Women interviewed in our study shared that initial treatment decisions happened when they learned of an unexpected pregnancy, often when presenting for emergent care in the setting of complications from injection drug use. These patients may benefit the most from MOUD to decrease periods of cravings and withdrawal and be able to engage in prenatal care and address co-occurring medical and psychiatric issues, yet they may not have the benefit of having established a trusting relationship with a clinician. Research should help to determine best practices for engaging pregnant people in early recovery or determine a shared decision-making process around treatment decisions that can occur across care settings in which long-term, trusting relationships between provider and patient can be formed.
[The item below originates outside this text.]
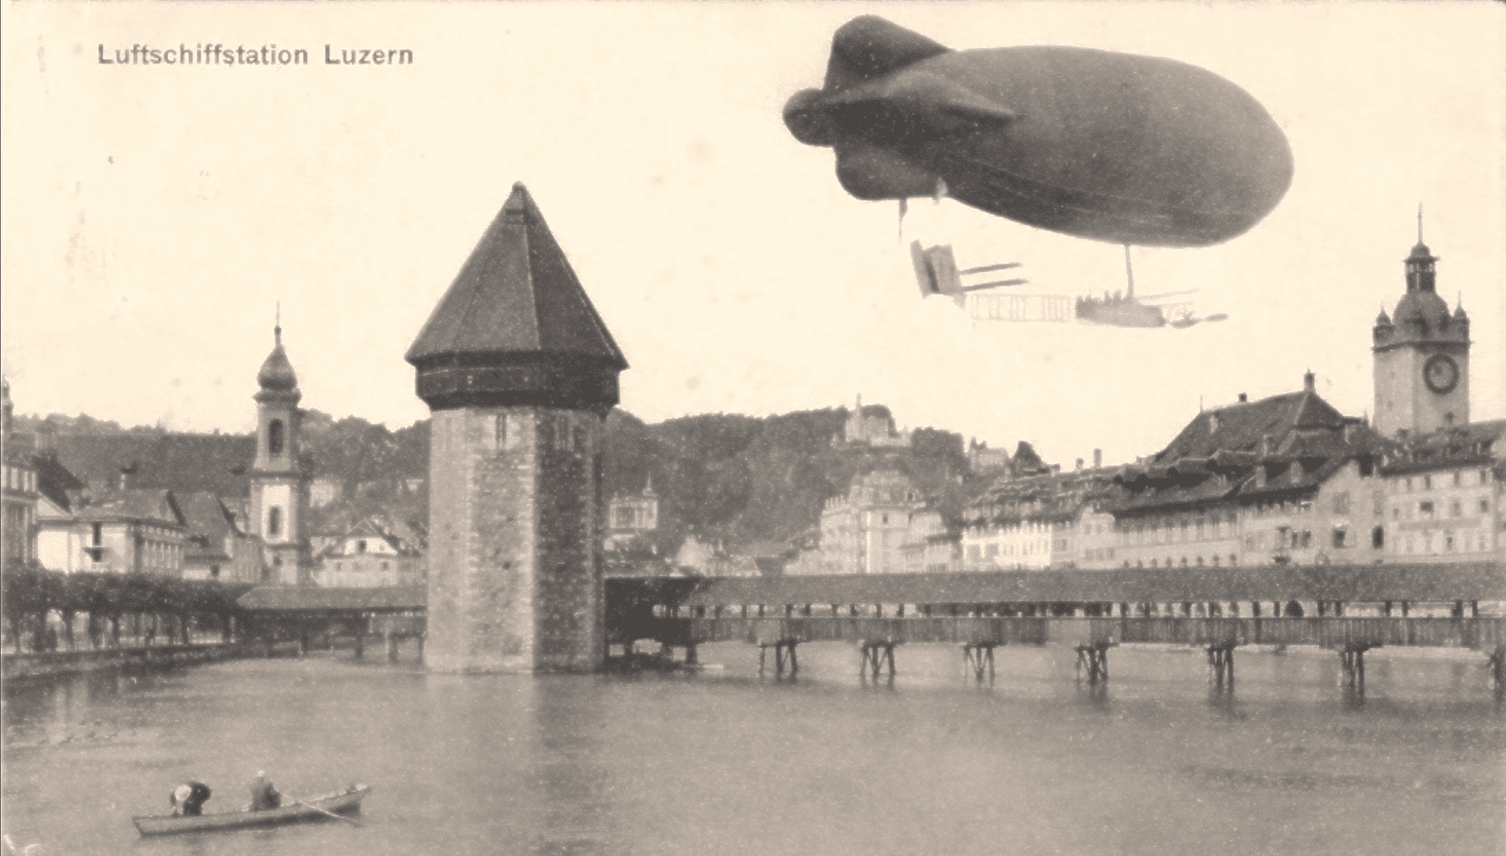 Als Luzern davon träumte, ein Luftschiffmekka zu werden

Our findings indicate that, critically, providers must be transparent about local child protective services reporting practices in discussions with pregnant individuals. Mandated reporting policies of substance use in pregnancy vary by state (Guttmacher Institute, 2017), with an increasing number of states adopting punitive policies toward substance use in pregnancy over the past two decades (Faherty et al., 2019; Jarlenski et al., 2017), despite guidance from all leading public health and medical organizations that punitive policies lead to avoidance of care and worse birth outcomes for women and their children (American College of Obstetricians and Gynecologists (ACOG), 2017; American Society of Addiction Medicine, 2017; Patrick & Schiff, 2017). Participants interviewed for this study delivered in a state that currently interprets use of MOUD as a reason for filing a report of abuse or neglect (Massachusetts Department of Public Health, 2017). Conflation of neonatal opioid dependence and withdrawal from methadone or buprenorphine with child abuse, especially when withdrawal results from prescribed therapy, serves to increase stigma and discrimination for patients considering initiating or continuing MOUD during pregnancy and fuels parental fears that transient and treatable withdrawal signs cause “physical injury.” Mandated reporting disrupts a parent’s ability to view the decision to take MOUD as best medical advice, highlighting the complexity and necessity of incorporating reporting information into shared decision-making. Yet until MOUD exposure is decoupled from mandated reporting, even comprehensive counseling may be insufficient, because the perceived threat is great. Individuals with OUD should be able to make treatment decisions based on medical risks and benefits, in the same way that other therapies such as antidepressants are recommended, without the fear of child protective services reporting and investigation.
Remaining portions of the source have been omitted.